We are seeking an exceptional Senior Perception Engineer to help design and productize NVIDIA’s next-generation autonomous driving perception stack. You will work on the core 3D obstacle perception pipeline, contribute to architecture and algorithm design, and remain deeply hands-on with implementation, including modern transformer-based, multi-modal, and vision-language techniques where they add real value.

Responsibilities

Develop and improve the technical design, architecture, and roadmap for 3D obstacle perception to support end-to-end autonomous driving functionalities, leveraging state-of-the-art CNN and transformer-based architectures where appropriate.

Design and implement advanced 3D perception models using multi-camera inputs and/or multi-sensor fusion (camera, radar, lidar) for obstacle detection and tracking, including opportunities to explore BEV and transformer-based 3D perception.

Build efficient, production-grade deep learning models: define objectives with the team, select and prototype architectures, run experiments, and follow best practices for training and evaluation, using techniques such as large-scale pretraining, distillation, and parameter-efficient fine-tuning (e.g., LoRA).

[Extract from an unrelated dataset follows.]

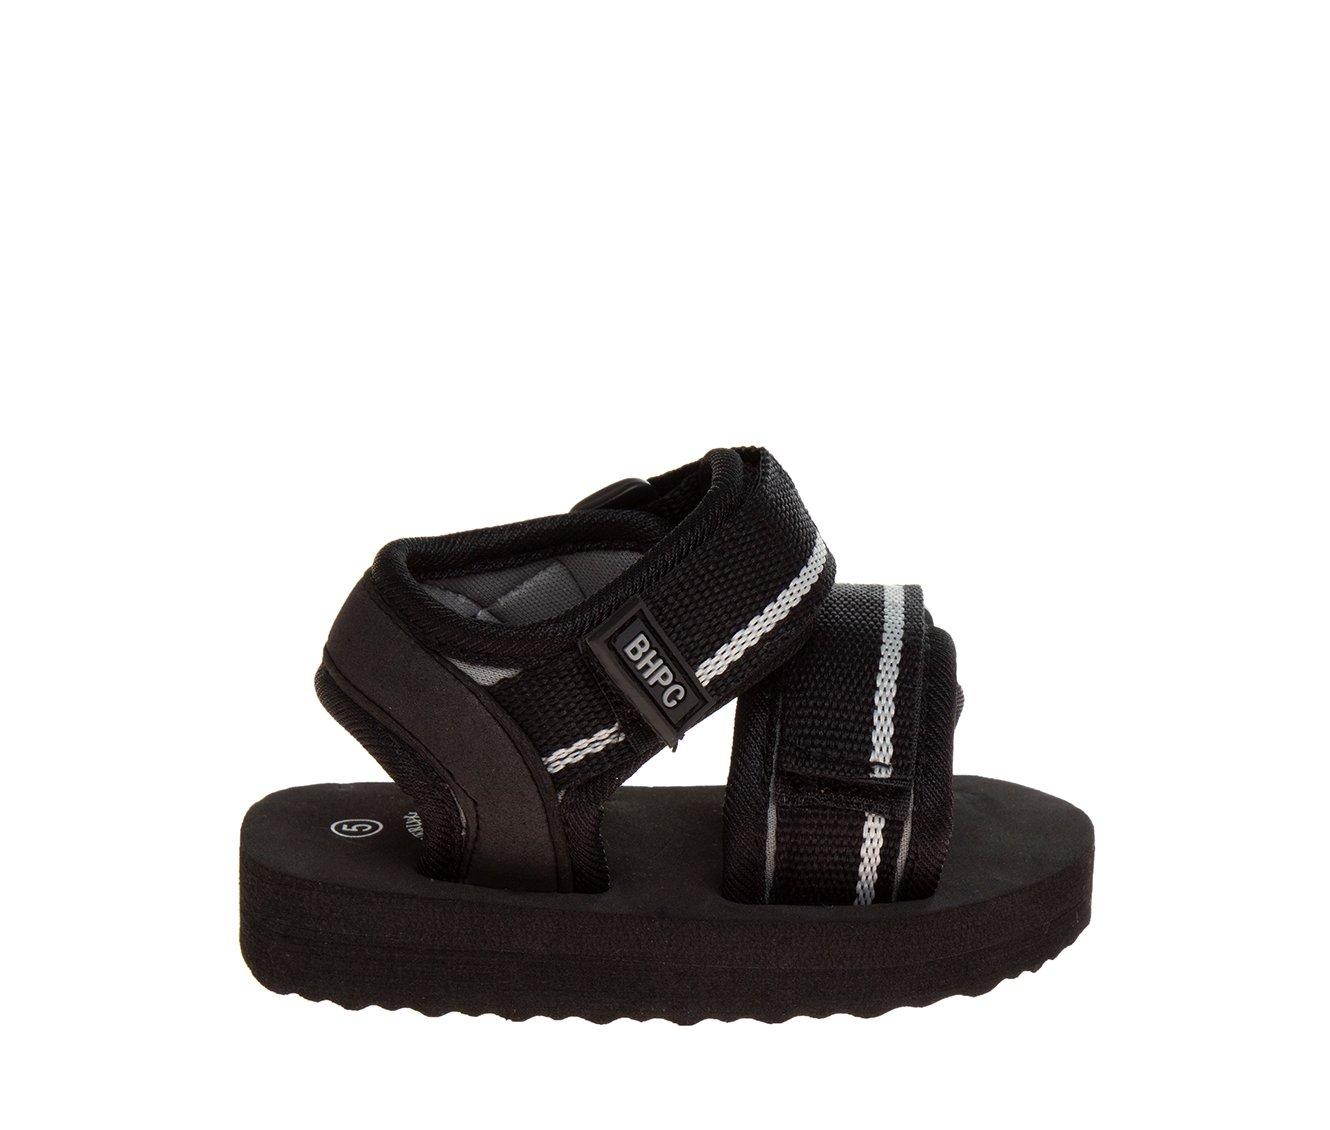 Boys' Beverly Hills Polo Club Toddler Swallow Sandals

Help define and maintain KPI frameworks to quantify perception performance; analyze large-scale real and synthetic datasets to identify failure modes and systematically improve accuracy, robustness, and efficiency, incorporating approaches like self-supervised and representation learning when beneficial.

Contribute to the data strategy for perception: specify data and labeling requirements, help prioritize data collection and annotation, and collaborate with data and ground-truth teams, including model-assisted workflows (e.g., active learning, auto-labeling, vision-language models (VLMs)) and model-in-the-loop tooling.

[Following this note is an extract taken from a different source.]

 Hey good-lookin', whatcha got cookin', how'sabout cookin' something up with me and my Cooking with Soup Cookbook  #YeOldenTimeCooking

Collaborate with safety, systems, and software teams to ensure perception solutions meet product requirements for safety, latency, resource usage, and software robustness, and are ready for deployment at scale.

Qualifications

Minimum

PhD with 4+ years, MS with 6+ years, or BS (or equivalent experience) with 8+ years of relevant experience in Computer Science, Computer Engineering, or a related technical field.

Hands-on experience developing deep learning–based perception or closely related systems for complex real-world problems, with strong proficiency in frameworks such as PyTorch and a track record of taking models from prototype to production.

Proven experience in data-driven development, including close collaboration with data, labeling, and ground-truth teams on data strategy, labeling quality, and iterative model improvement.

Strong programming skills in Python and/or C++, with experience building reliable, high-performance, production-quality software.

Excellent communication and collaboration skills, with the ability to work effectively across multidisciplinary teams.

Preferred

Experience designing and deploying perception solutions for autonomous driving or robotics using camera-based deep learning at scale.

Hands-on experience architecting and deploying DNN-based perception pipelines on embedded or real-time platforms, including optimization for latency, memory, and compute constraints, and experience with modern architectures such as CNNs and transformers, plus familiarity with techniques like large-scale pretraining, parameter-efficient fine-tuning (e.g., LoRA), or vision-language models (VLMs).

Strong publication record or recognized contributions in deep learning, computer vision, or autonomous systems at leading conferences/journals (e.g., CVPR, ICCV, NeurIPS, IROS).

Deep understanding of 3D computer vision fundamentals, including camera modeling and calibration (intrinsic and extrinsic), multi-view geometry, and 3D representations, ideally with experience applying these concepts in transformer-based 3D or BEV perception pipelines.